Di sekitarnya juga terdapat Kōdōkan dan spot lain yang berkaitan erat dengan sejarah Klan Tokugawa Mito.
Daripada hanya melihat situs Kastel Mito secara terburu-buru, dengan menggabungkan dengan spot sejarah di sekitarnya, Anda akan melihat keterkaitan antara kastel, pendidikan, dan pemerintahan klan.

Etika dan Hal yang Perlu Diperhatikan Saat Berkunjung
Situs Kastel Mito adalah tempat wisata sekaligus dekat dengan sekolah dan area perkotaan.
Yakuimon berada di dalam area sekolah, jadi saat berkunjung, ikuti petunjuk dan hindari mengganggu pelajaran atau kegiatan sekolah.
Pihak pengelola juga menginformasikan bahwa kunjungan terkadang tidak dapat dilakukan karena adanya acara sekolah.
Ōtemon dapat dilalui, tetapi kendaraan tidak diperbolehkan lewat.
Sepeda dan motor harus dituntun saat melewatinya.
Untuk Ninomaru Sumi-yagura, secara resmi diumumkan bahwa kunjungan dengan membawa hewan peliharaan tidak diperbolehkan.
Demi menikmati tempat bersejarah, penting untuk berjalan sambil memeriksa area yang boleh dimasuki, lingkungan kehidupan sekitar, dan panduan setiap fasilitas.

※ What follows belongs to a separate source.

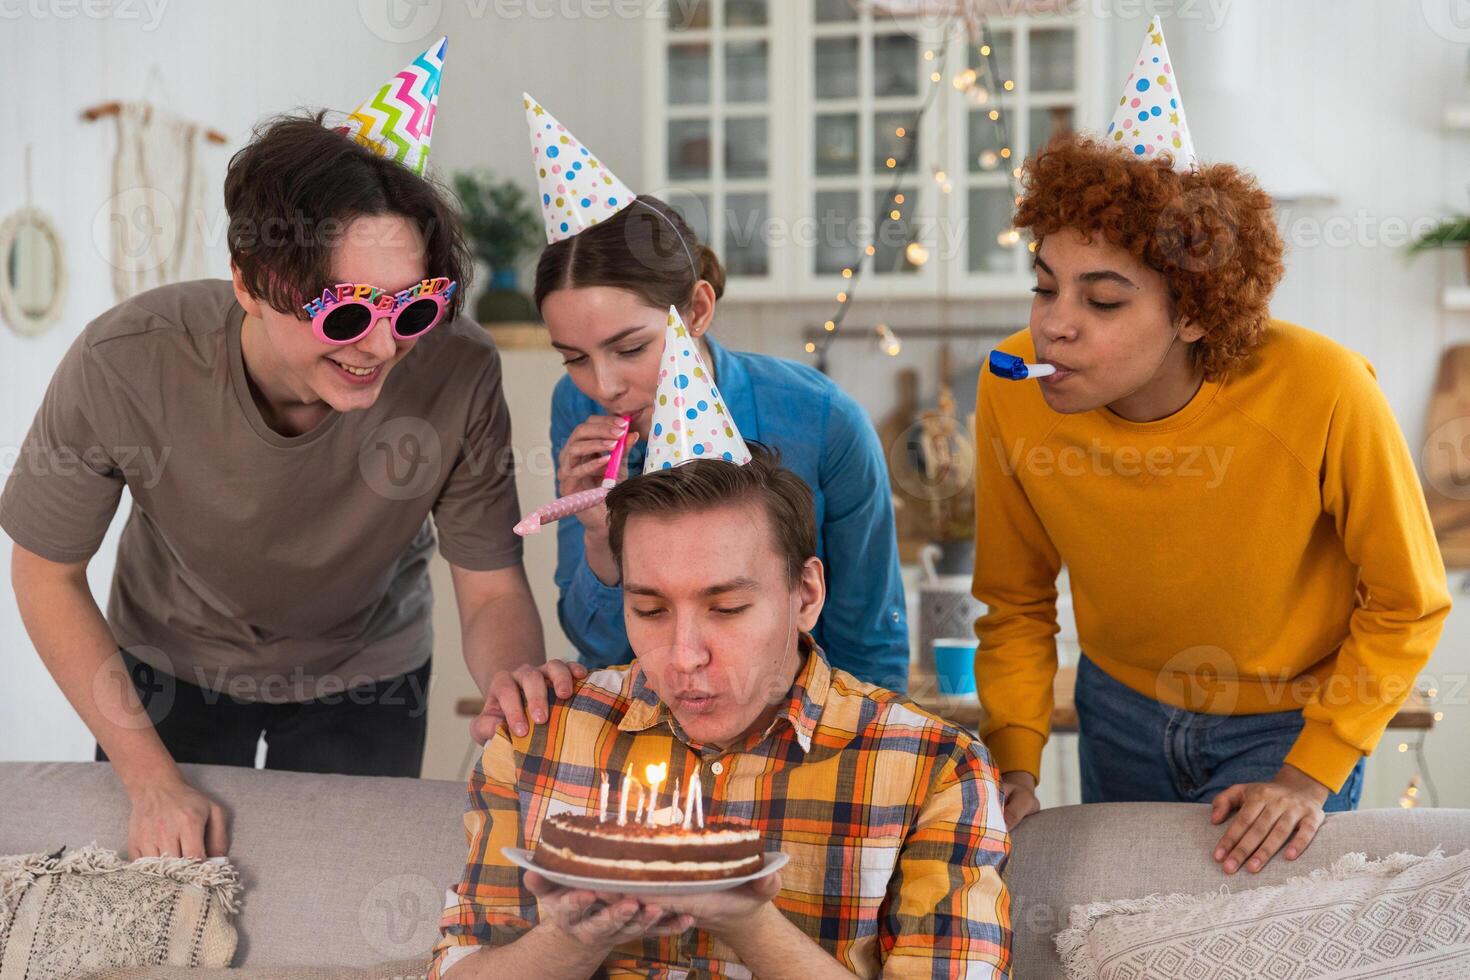 machen ein Wunsch. Mann tragen Party Deckel weht aus Verbrennung Kerzen auf Geburtstag Kuchen. glücklich Geburtstag Party. Gruppe von freunde wünscht sich Kerl glücklich Geburtstag. Menschen feiern Geburtstag mit Party beim Zuhause foto

Kesimpulan | Situs Kastel Mito, Spot Wisata Jalan Kaki untuk Membaca Topografi dan Sejarah
Situs Kastel Mito bukan situs kastel untuk memandang menara utama, melainkan tempat untuk membaca struktur kastel melalui tanggul tanah, parit, gerbang, yagura, dan Yakuimon.
Mengetahui keagungan "kastel tanah" yang berbeda dengan kastel berdinding batu akan sedikit memperluas cara pandang Anda terhadap kastel Jepang.
Sambil melihat bangunan restorasi Ōtemon dan Ninomaru Sumi-yagura, perhatikan juga topografi jalan menanjak dan dataran tinggi.
Inilah situs bersejarah khas Mito yang dapat dinikmati dengan berjalan kaki santai sambil merasakan sejarah Klan Tokugawa Mito.